There is has been a stark transformation in the gallery since I have last been to Chisenhale. True, that was over a year ago, but the space has been radically remodelled, so that I am confused as to where the room I had seen on my last trip has gone. Most noticeably, the gallery is light and airy, and the walls and ceiling are whitewashed as further sun streams in. I am reminded of how, during Ayo Akingbade’s Show Me The World Mister (2022), the windows in the gallery space were obscured partially to cast a subdued light on the space. Now, this paneling is bright and allows the natural rays of outside light into the space.
Siminkiwe Buhlungu, hygrosummons (iter.01), 2024, Installation view, Chisenhale Gallery, photo: Andy Keate.
The current exhibition, hygrosummons (iter.01) by Simnikiwe Buhlungu, circulates in continuation around function and environment. Just as the gallery has found new function, many of the pieces within it now have multiple lives and layered pasts. The doors to the gallery have been swelled and bloated since their first usage as homes for birds on the Hertford Union Canal. Now they frame the entrance to the gallery space with their watery past. This is fitting, as hygrosummons (iter.01) is a complex system of different climates, territories, and behaviours framed by water in its different forms. Buhlungu plays particularly with the variety of ways to showcase the medium, relying on Chisenhale’s environment to provide its own settings that will regulate the levels of water found in a bucket or in the humid air at any given time. In an interview with curators Olivia Aherne and Amy Jones, Buhlungu describes: “ In the show, we don’t have an orator, but rather rely on the response of the other elements in the gallery- paper curling, a vibrating bucket, and warped wooden doors whose changing material forms will attempt to be in a sonically outputted call and response with the composition.”
Buhlungu refers here to the composition of the two zithers that are arranged on the floor of the gallery, echoing to one another with clicking and tapping sounds. The artist explains how these instruments, inspired by traditional Mvets and crossed with an experimental hair hygrometer using finely braided Raffia, adjust to the humidity in the space, and play in response to this. In addition, the instruments are programmed to be played by robotic pluckers in a thirty minute sequence, meaning there is no person who “orates” the sequence. It appears that the main variables here truly are time and water.
This cycle of events dictated by fluctuating humidity is interweaved with the sources of water found at the gallery. Buhlungu uses samples to record the interaction between different geographical spaces, considering how our societal movements mimic the changes in climate and the cumulus in the clouds. The Tswaing Crater in Soshanguve, the backyard maize garden of Buhlungu’s mother, the Salse di Nirano Nature Reserve in Fiorano Modenese, and puddles outside of Chisenhale Gallery, all interact with another as they move through the gallery space, from bucket, to zither strings, to air vent. These flexible, ambiguous lives find a common denominator in the container Buhlungu has chosen for her water buckets. Several Supa PVA buckets are dotted around the space, originally used to store a water- based paint popular in rural areas of South Africa. Buhlungu describes her choice in the vessel: “For me it’s about that accessibility… They’re not just one thing. They have multiple lives and uses.” Ironically, the artist then explains that Supa PVA, so ubiquitous in one region of the cape, becomes particularly elusive internationally. This reminder of regional comforts and the distance each bucket has traveled to provide its purpose to the gallery is not lost on me.

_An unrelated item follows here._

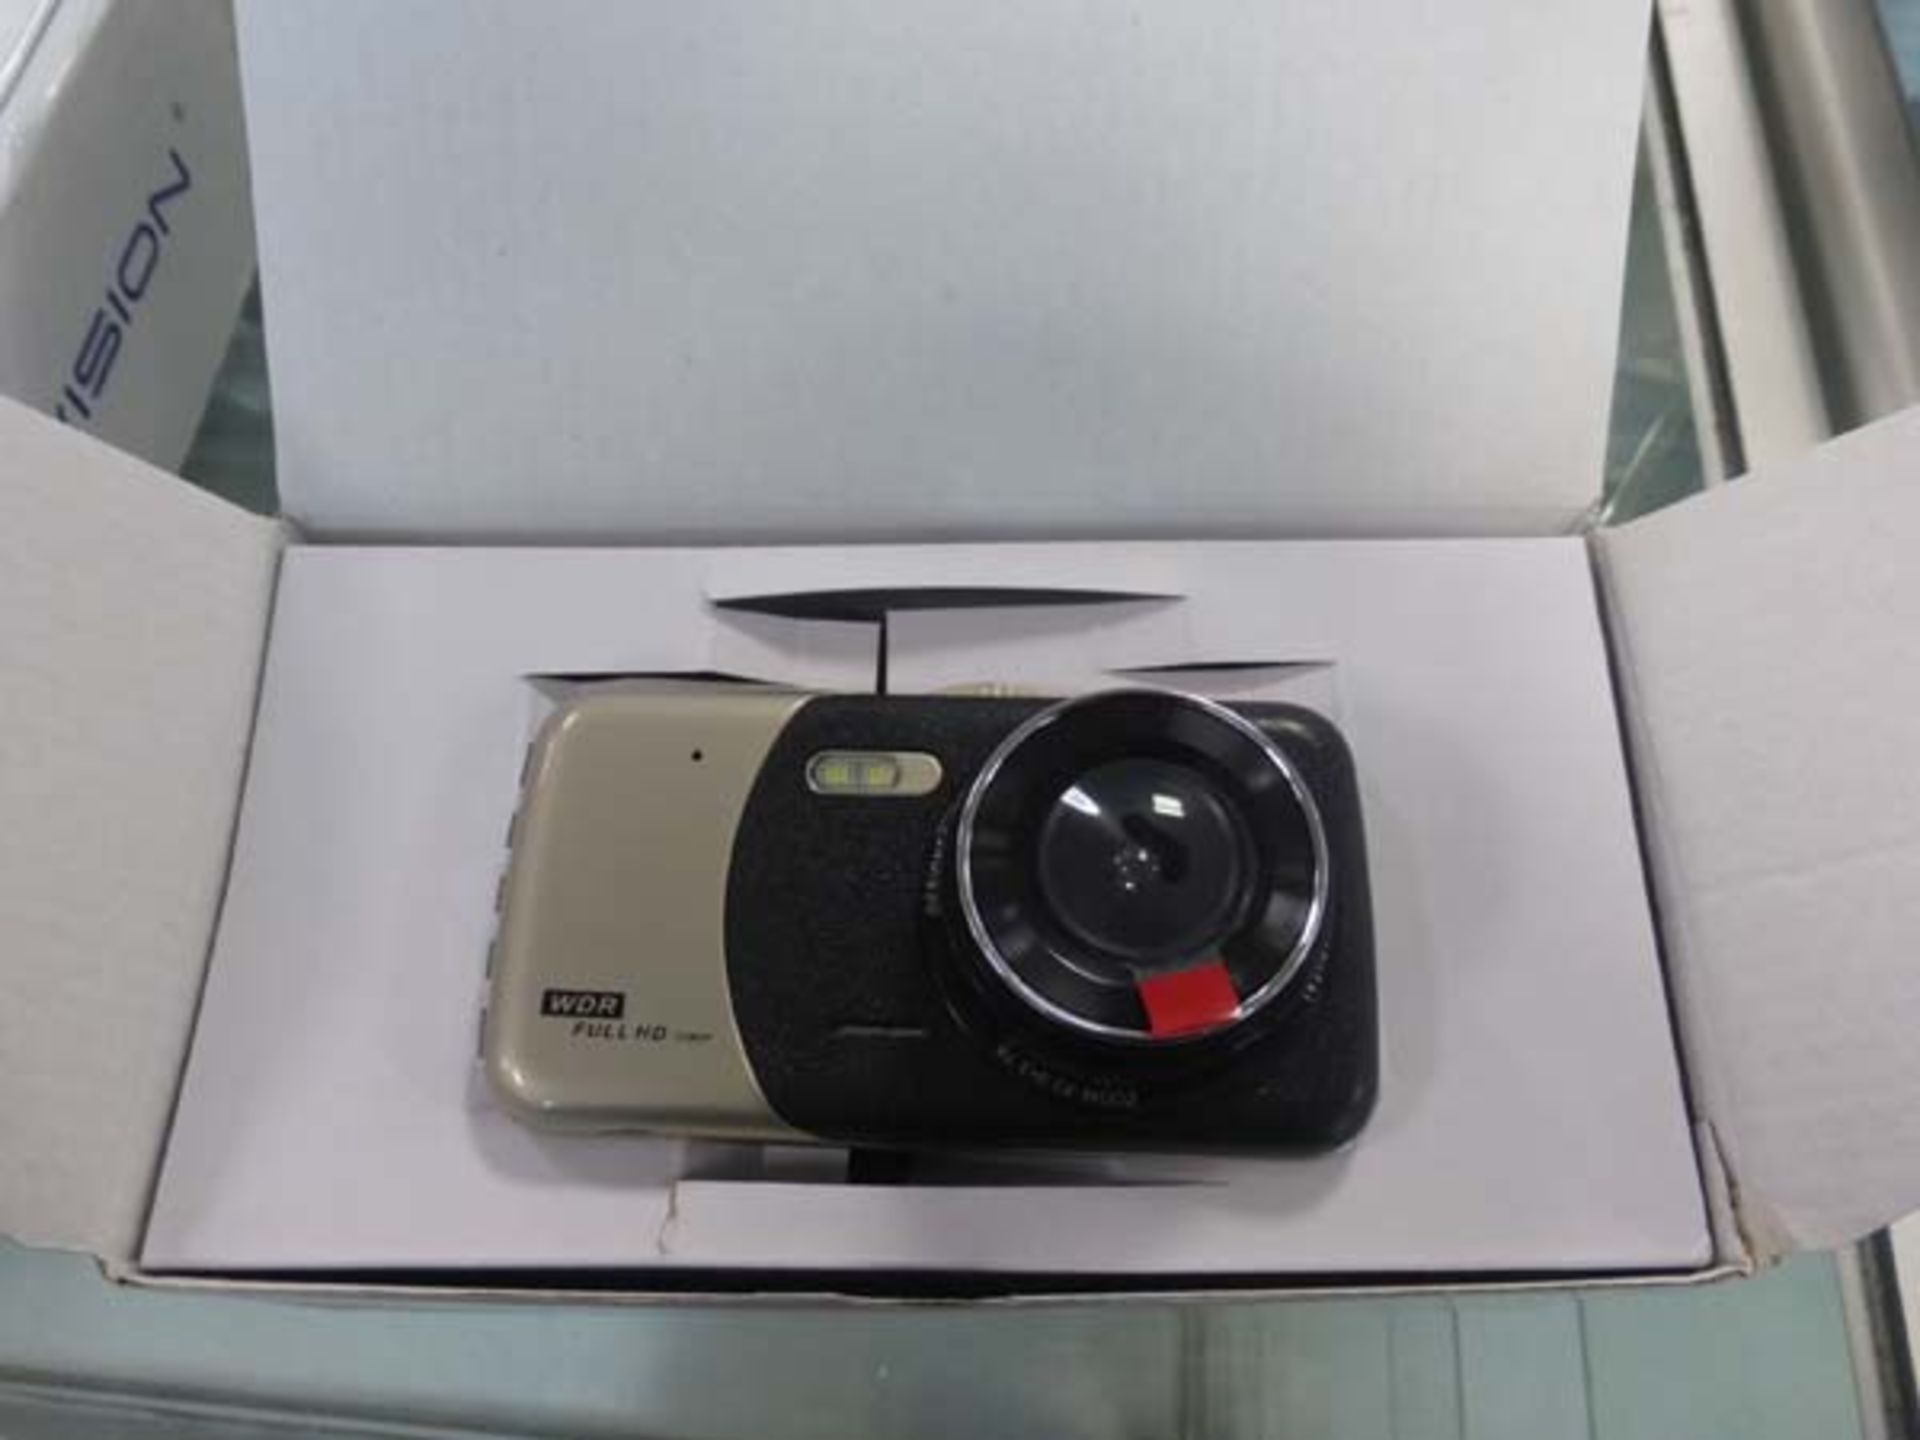 2231 HIRRX HD dual lens dashcam kit in box

Siminkiwe Buhlungu, Exit and Cycles, 2024, Chisenhale Gallery, photo: Andy Keate
In hygrosummons (iter. 01), there is no narrator, or set story. Rather, the climate of the space and its additional samples from different countries interact to form a new ecology that functions differently per each visit to the space. A rainy day pulls away a new corner of Exit and Cycles, 2024, from the wall, revealing a new shower of thoughts written underneath. I wonder if I visit again, what the instruments will play, and what words the walls will show me. This sense of continued not-knowing, a lingering between the geography of the space and the messages revealed, informs a continuous cycle of unpredictable conversation formed of seen and unseen variables.
Pictures courtesy of Chisenhale Gallery.